The WaPo ran a Sunday cover story on NAFTA’s impact on Mexico as it takes full effect:
As NAFTA’s final provisions take effect next year, tying Mexico’s fortunes more tightly to world markets, how will its economy adjust? And how will the latest wave of trade liberalization alter the calculations for millions of Mexicans wanting to stay home, but constantly feeling the tug of the north?…
NAFTA did bring Mexico foreign investment. Jobs at its maquiladoras — export factories set up in the 1960s, mostly near the border — more than doubled from 540,000 to 1.13 million between 1993 and 2004. But in other factories, employment has slipped and average wages have dropped by 5 percent.

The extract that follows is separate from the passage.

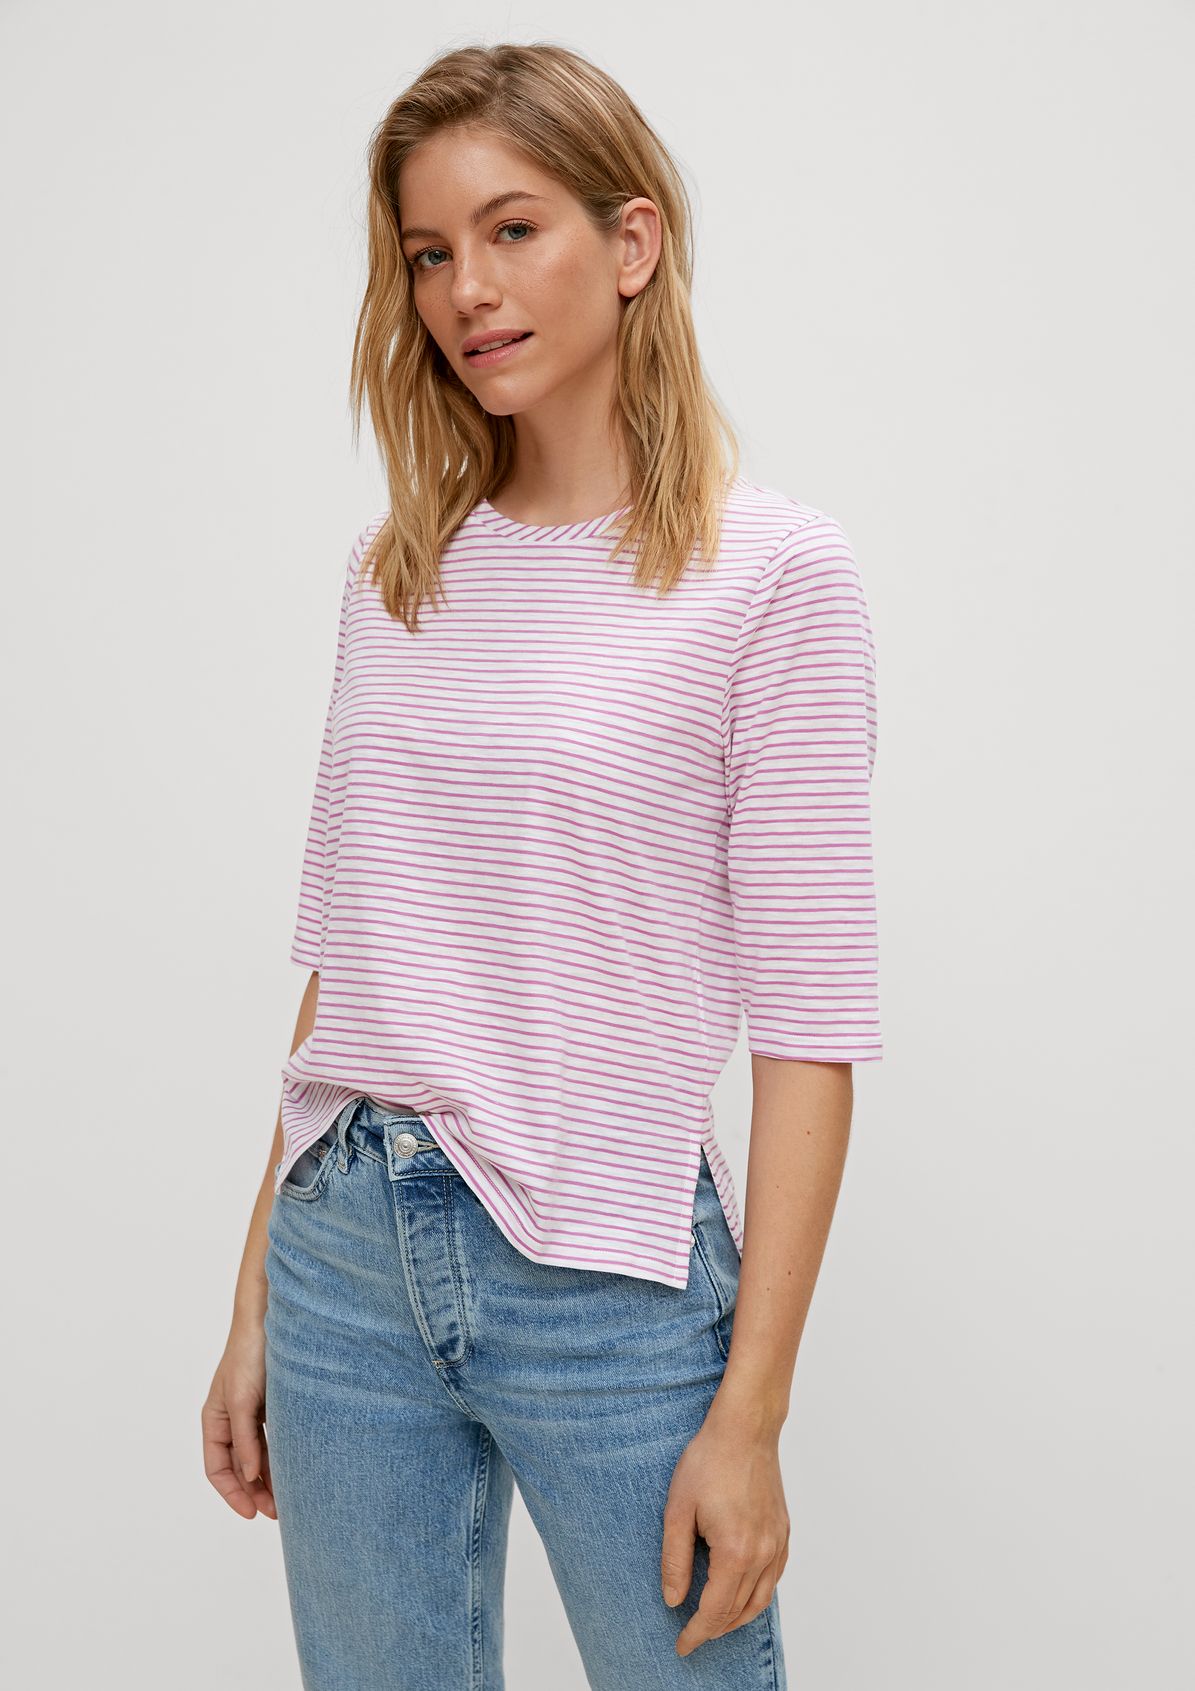 Striped cotton top from comma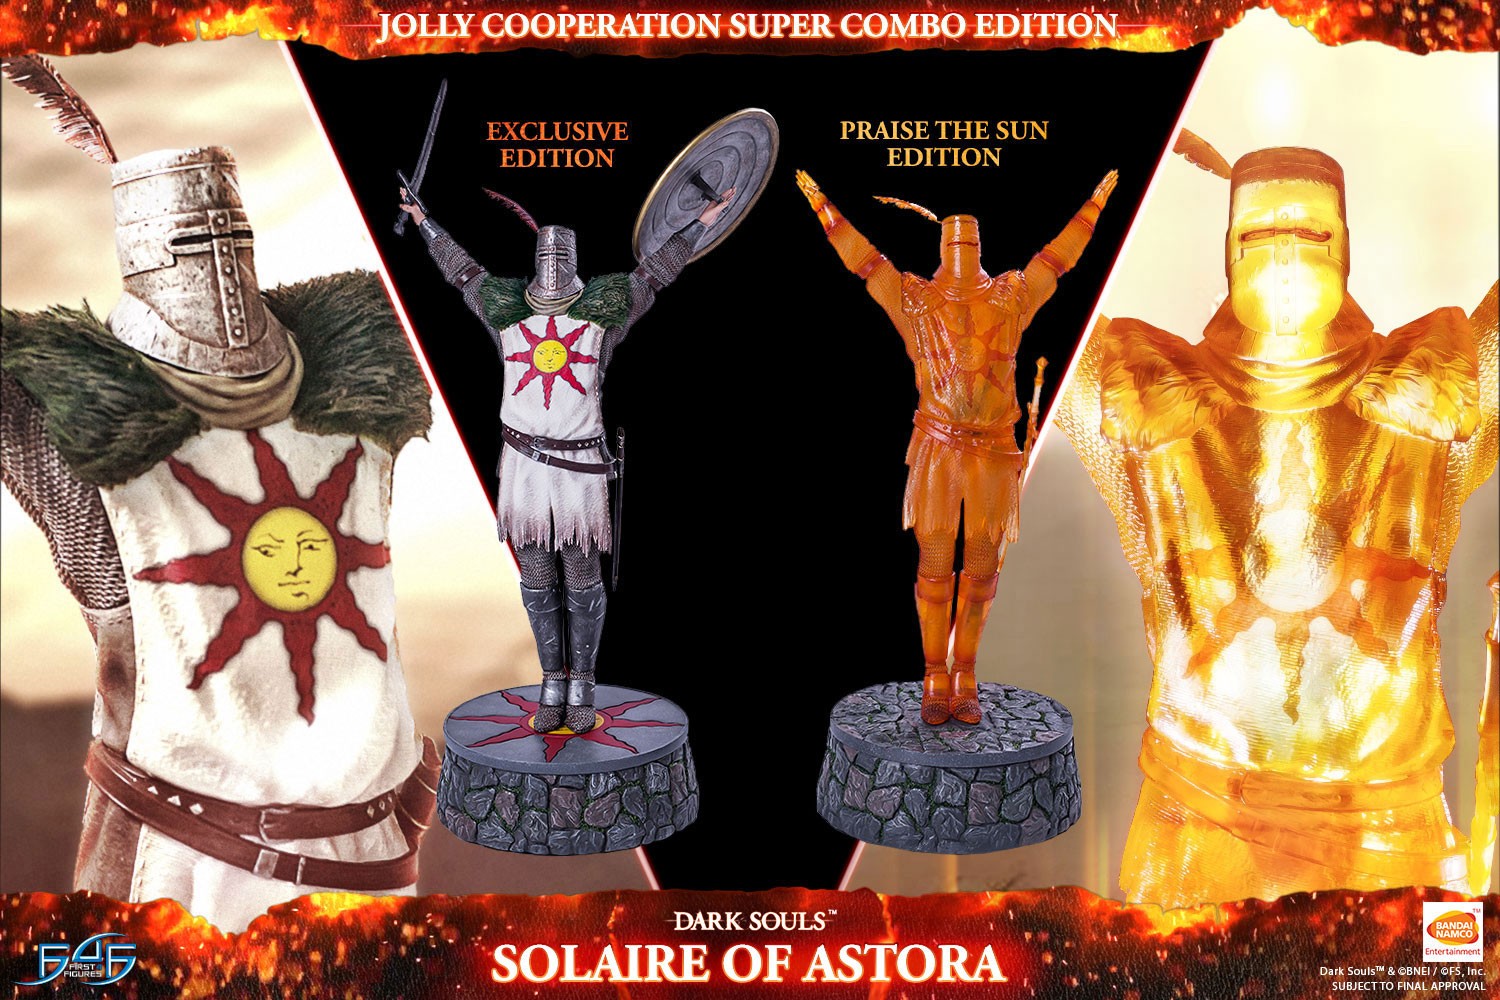 Solaire of Astora Jolly Cooperation Super Combo Edition

Economists emphasize that any assessment of NAFTA must include the financial crisis that savaged Mexico in 1994 and 1995, sowing unemployment. Some assert that without NAFTA and the exports it fueled, Mexico’s recovery would have been slower. Many also say that Mexico’s government squandered opportunities for growth by failing to improve highways and ports, and by leaving unchecked the monopoly power of the national telephone company, which has kept rates for Internet access and other telecommunication services high, discouraging new ventures…
“For people who can grow huge scale for export, NAFTA has been good,” he said. “For people like us, it’s been a bloodbath.”…
Feed amounts to nearly 60 percent of the cost of raising a chicken. For the American poultry industry, the cost has been held down, historically, by subsidies for corn production. In 2005, American cropland for corn received a range of subsidies worth more than $10 billion, according to a Washington Post analysis of data from the U.S. Department of Agriculture.
Labor, where Mexico has an advantage, makes up only about 5 percent of production costs.